After all, @laurent22 implemented the upgrade to 256-bit AES, thanks to him. Nothing else matters, and I'm not gonna create a debate stage on Github.

Have a great one.

[qua3k]

Everything you said is debatable at some level

How are any of the points I said debatable? Finite field arithmetic in GF(2^N) is easy to implement in both software in hardware, and I’m completely failing to understand your comment about CTR and ChaCha20, as well as how you seemingly dragged NaCl documentation into this and made it seem like you couldn’t encrypt more than 4096 bytes at a time. Furthermore, my comments on AES are not at all unsubstantiated; multi-target attacks are the only issue that would be slightly pertinent to Joplin, and the cryptographers I know all (as well as the ones at NIST running the PQC contest) hold the opinion that Grover’s algorithm is not going to drastically reduce the security of AES-128.

I never meant to come off as hostile, and I’m sorry if you took it that way, but I’m just surprised at your reasoning on what are seemingly well-known facts. I’d like it if you wrote meaningful responses pointing out inaccuracies in my arguments rather than belittling me and making hand-wavy claims that my points are “debatable at some level”.

[b-mc]

Is there a way to check which version is being used?

The only way I've found so far is to look it up per note. Open an MD file of your choice with a text editor and check the ks value from encryption_cipher_text. It will be either 128 or 256.

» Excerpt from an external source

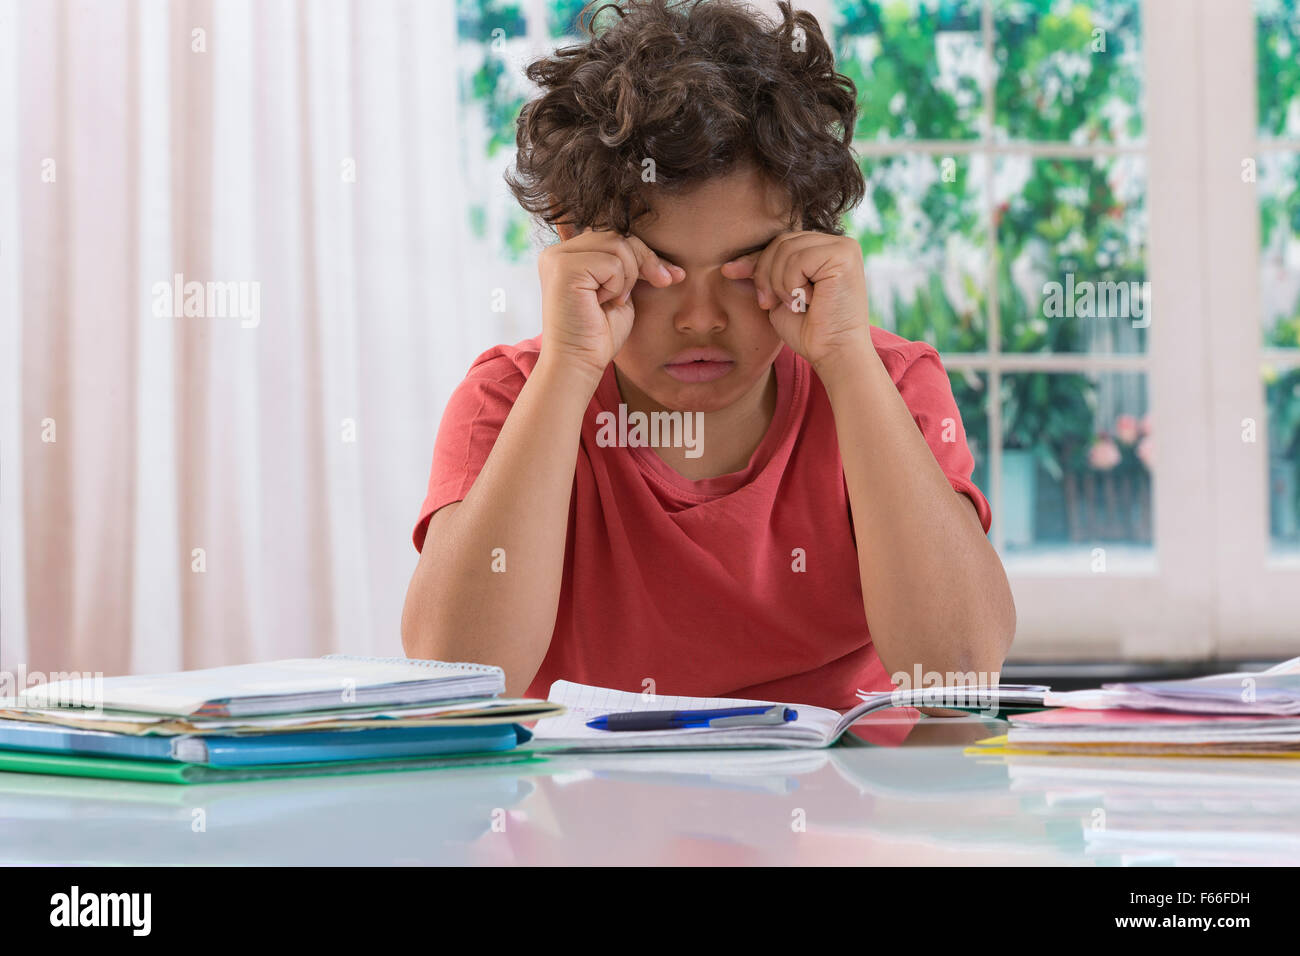 School boy rubbing eyes after long time homework - Stock Image
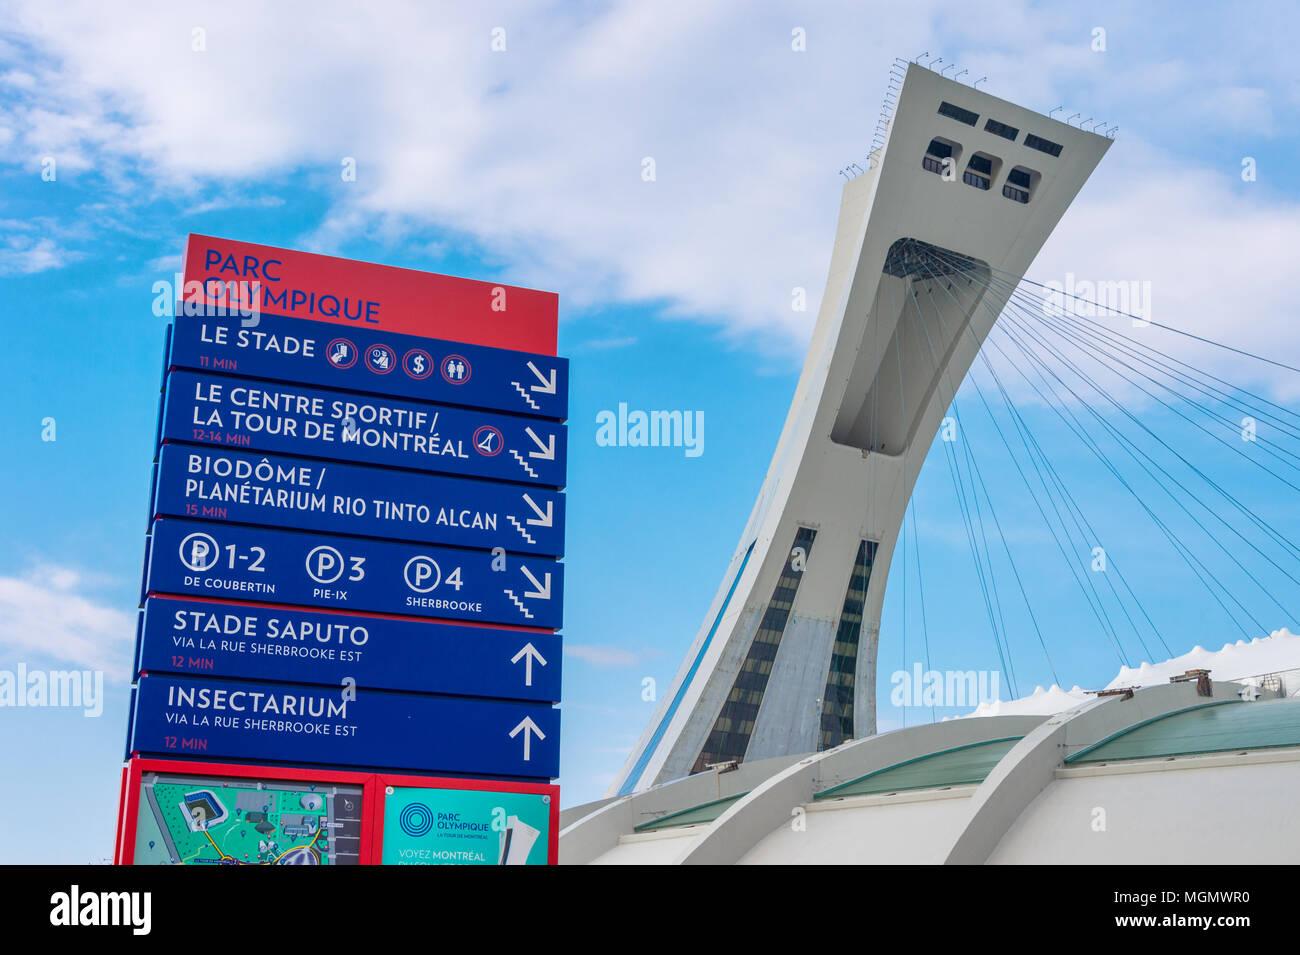 Montreal, CA - 28 Aprile 2018: Il Montreal Olympic Stadium e Torre inclinata. Immagini Stock

encryption_cipher_text: xyz{"iv":"xyz","v":1,"iter":101,"ks":128,"ts":64,"mode":"ccm","adata":"","cipher":"aes","salt":"xyz", "ct":"xyz"}

The existing notes which I haven't modified yet with the newest app version still use AES-128. Most likely a full re-encryption will change all to AES-256.

[wh201906]

multi-target attacks are the only issue that would be slightly pertinent to Joplin

@qua3k Hi. Would you mind telling me why multi-target attacks might be a concern for Joplin?